Posts Tagged ‘Rutgers’

When Cell Phones in Water is a Good Thing

Wednesday, December 22nd, 2010

This is the final post in our series from the Zimmerli Museum on their Water exhibit (and our final guest blog for 2010).  The exhibit ends on January 2; we urge you to see it if you can, but if you can’t, be sure to read on and find out how an amazing audio tour of the exhibit featuring a wide range of contributions by Rutgers faculty is just a phone call away.

Zimmerli Water Exhibit

By Donna Gustafson
Andrew W. Mellon Liaison for Academic Programs and Curator
Zimmerli Art Museum, Rutgers

As I have written in an earlier blog, the Water exhibition on view at the Zimmerli Art Museum at Rutgers University until January 2, 2011, was an interdisciplinary project involving many individuals at the university. The exhibition is wide-ranging in scope and the 105 works in the exhibition include a variety of artists, cultures, historical time periods, and different media.

Waiting by Geoffrey Hendricks at the Zimmerli Water Exhibit

There are paintings, prints, photographs, sculpture, site-specific installations, videos and even a process piece that is continually unfolding in time. Titled Waiting, it is by the artist Geoffrey Hendricks. It came to us as two watercolor paintings on paper; one shows a beautiful blue sky with white clouds, the other shows a nighttime sky with a moon and clouds. The artist’s instructions were to immerse these works of art into a glass dish filled with water and wait. Beside each dish is a small card on which the artist inscribed the I Ching signs for water over sky.

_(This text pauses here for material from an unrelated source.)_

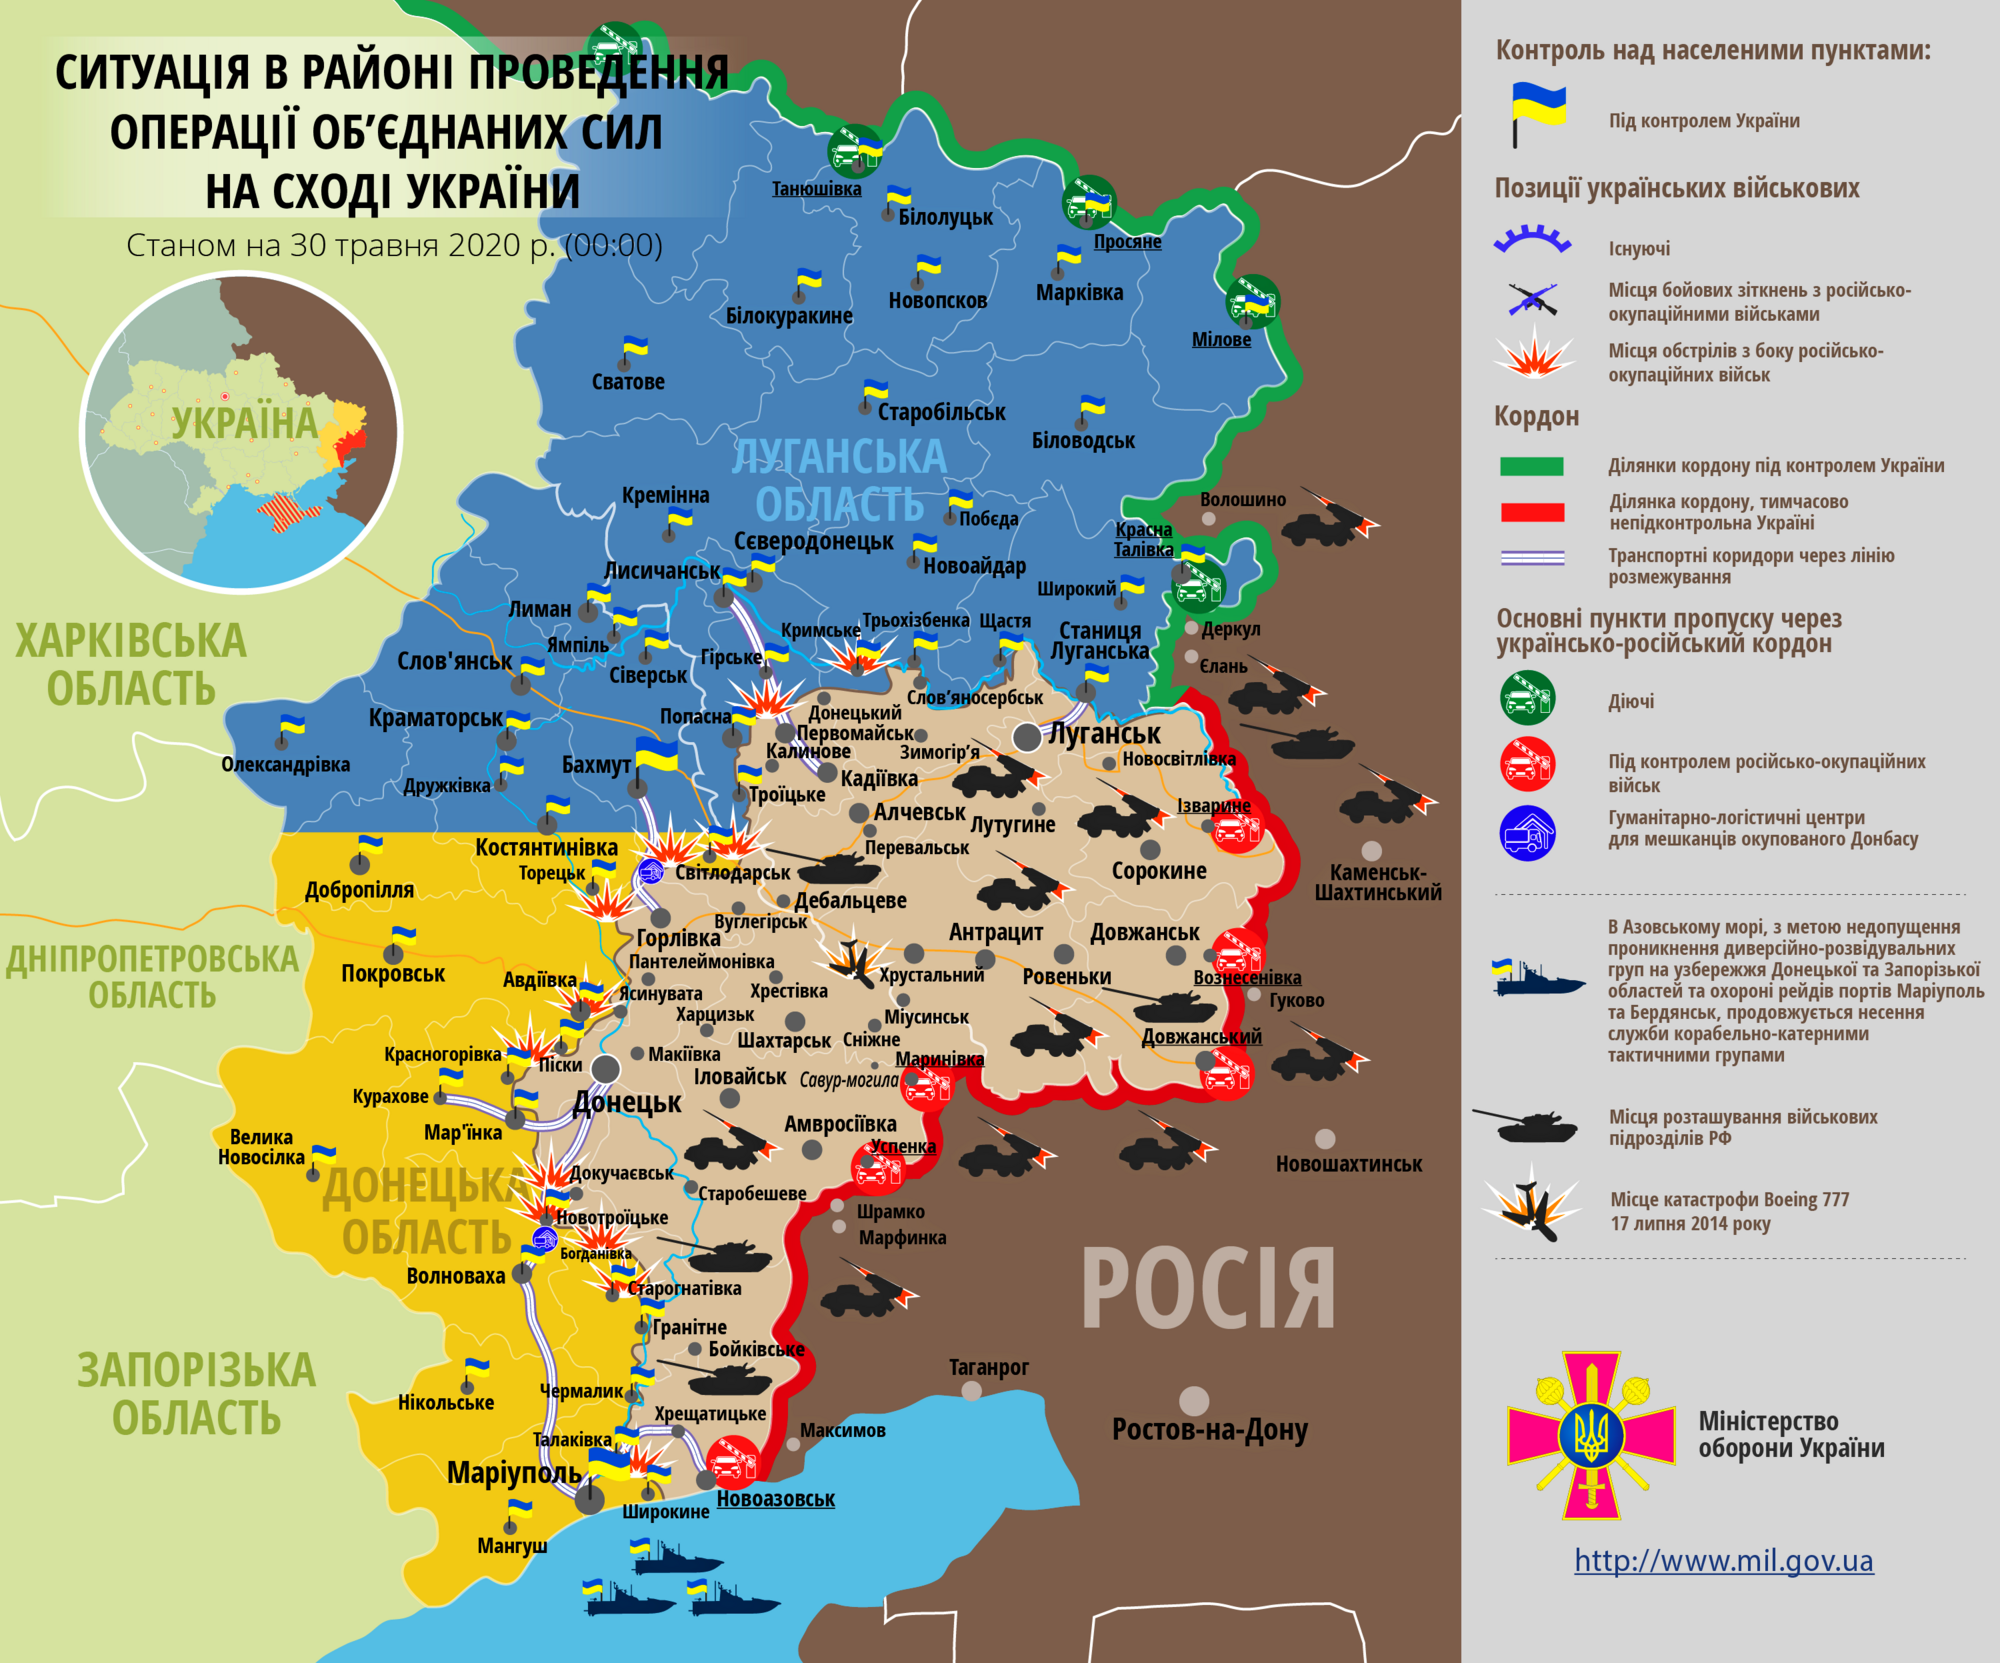 Ситуация в зоне проведения ООС на Донбассе 30 мая

We monitor the state of the paintings and the dishes of water daily, refilling when necessary, changing the water if necessary. On January 2, 2011 when the exhibition closes, we will remove the water from the dishes and assess the conditions of the paintings. Many people find this to be a mysterious addition to the exhibition; however, I see it as a beautiful representation of water’s role in nature as a constant instigator of change and a reminder of passing time. It also presents a certain irony in that we at the museum are actively engaged in the destruction of a work of art rather than in protecting and conserving art.

Cell phone narratives by Rutgers faculty at Zimmerli Water Exhibit

I wanted also to talk about our faculty collaborators who lent their voices and expertise to the cell phone tour that accompanies the exhibition. Fifteen faculty members each chose one work of art to discuss from their own interests and perspectives. We asked two professors from the Department of Art History, Joan Marter and Susan Sidlauskas, and three curators from the museum: Alfredo Franco, Curator of Education, Julia Tulovsky, Assistant Curator of Russian Art, and me. The five of us spoke as curators and art historians, which is to say, we talked about what we thought the works of art meant and artists’ intentions.

The other faculty members had very different points of view. The first to come in and record his impressions was Barry Qualls, a member of the English faculty and a scholar of British Victorian literature. He chose to discuss a painting of Brighton Beach by the English painter, John Constable, and explored Constable’s motives in going there in search of a sea cure for his wife who was suffering from tuberculosis. After Barry’s successful recording, we began to really get excited about the project.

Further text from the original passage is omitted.